Is there much difference between the usage of these two words? I understand they both mean "like".

Mám tě *ráda* - I like you
Mám *rád* pivo - I like beer
Australský to *jako* pivo - Australian's like beer

Děkuji,
Ozzi


----------



## Managa

Hey Ozzi 

Mám tě *ráda * 
Mám *rád* pivo 
--> They mean *exactly *the same.

Australský to *jako *pivo 
--> I am not sure I understand what it is supposed to mean. The only possibility that cames to my mind is that it means: 

*The australian so-called beer*. 

A Czech person could say so, especially if she/he is a beer fan, because of course, such people consider the czech beer the best and they think foreign beers (especially from the USA and so) are awful / disgusting / not good...




OzziBoy said:


> Is there much difference between the usage of these two words? I understand they both mean "like".
> 
> Mám tě *ráda* - I like you
> Mám *rád* pivo - I like beer
> Australský to *jako* pivo - Australian's like beer
> 
> Děkuji,
> Ozzi


----------



## OzziBoy

Sorry, the third phrase was meant to mean ... "Australian's like beer."

Is *jako* the same as *rád/a*?

Dekuji


----------



## Managa

Ah, so you mean

_*Australian is like a beer*_ - Australan je jako pivo.
or
*Australians like beer*? - Australani mají rádi pivo.

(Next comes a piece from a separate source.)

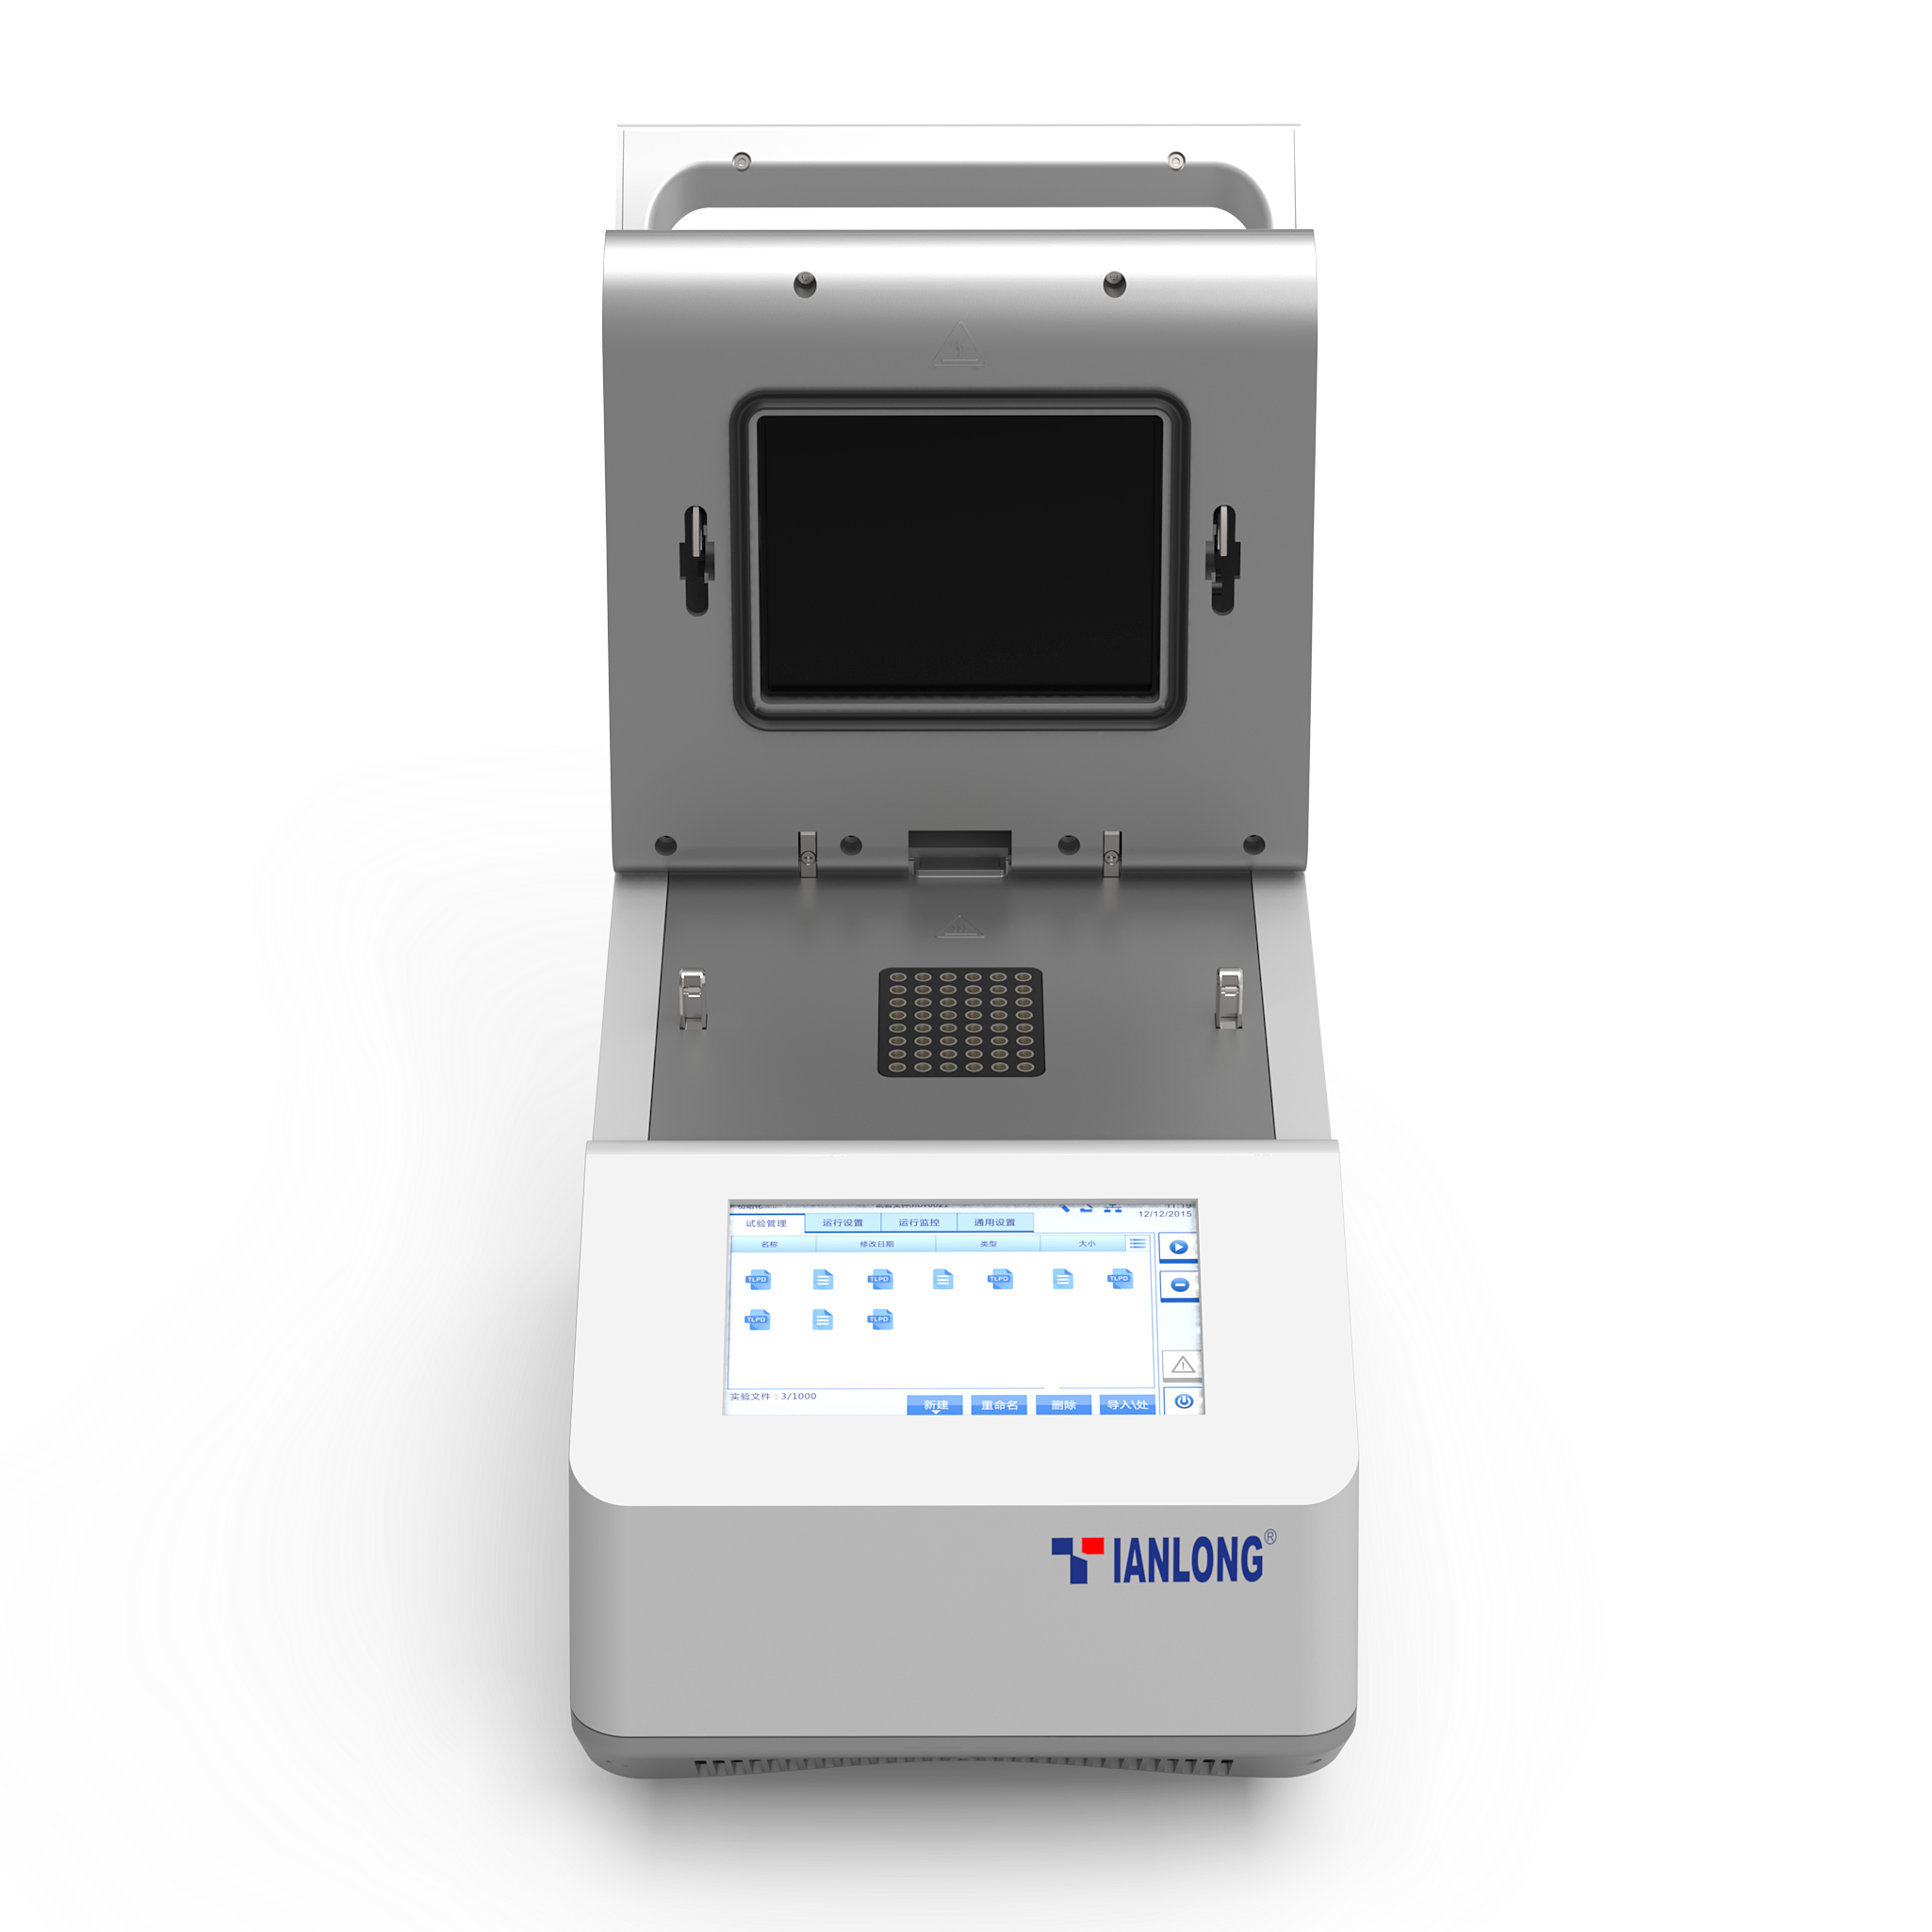 دستگاه ریل تایم پی سی آر - جنتایر 48 ای	 - Real-time PCR Systems - Gentier 48E	 - Xi’an Tianlong Science & Technology CO.,LTD	 - دستگاه - سلولی و مولکولی - وستا تجهیز پارت

*Jako *is definitely not the same as *rád/a*.
Rád/a - To like someone.
Jako - To be like someone.


----------



## OzziBoy

Ahhh, now that makes sense. So can I say ... Blue jako obloha (Blue like the sky)?

Or is *jako* only used when talking about people? On je jako prince.

Dekuji,
Ozzi


----------



## Managa

These are perfectly correct:

*Modrý jako obloha*.
*On je jako princ*.

You can use it talking about anyhting.


----------



## slavic_one

OzziBoy said:


> Ahhh, now that makes sense. So can I say ... Blue jako obloha (Blue like the sky)?
> 
> Or is *jako* only used when talking about people? On je jako prince.
> 
> Dekuji,
> Ozzi



Not only for peope, you can say "Modré jako nebe" (Blue as sky).


----------



## OzziBoy

Fantastic! Thank you very much everyone for clearing that up for me.

Dékuji,
Ozzi.


----------



## OzziBoy

I have another question about this, I hope you don't mind ...

*líbi* - This means *like*. But what sort of "like"? How is it different from *rád* or *jako*?

Děkuji,
Ozzi.


----------



## Jana337

We have discussed "to like" (in particular with regard to persons) here so I am closing this thread. Your question will be copied there and my answer will follow shortly.


----------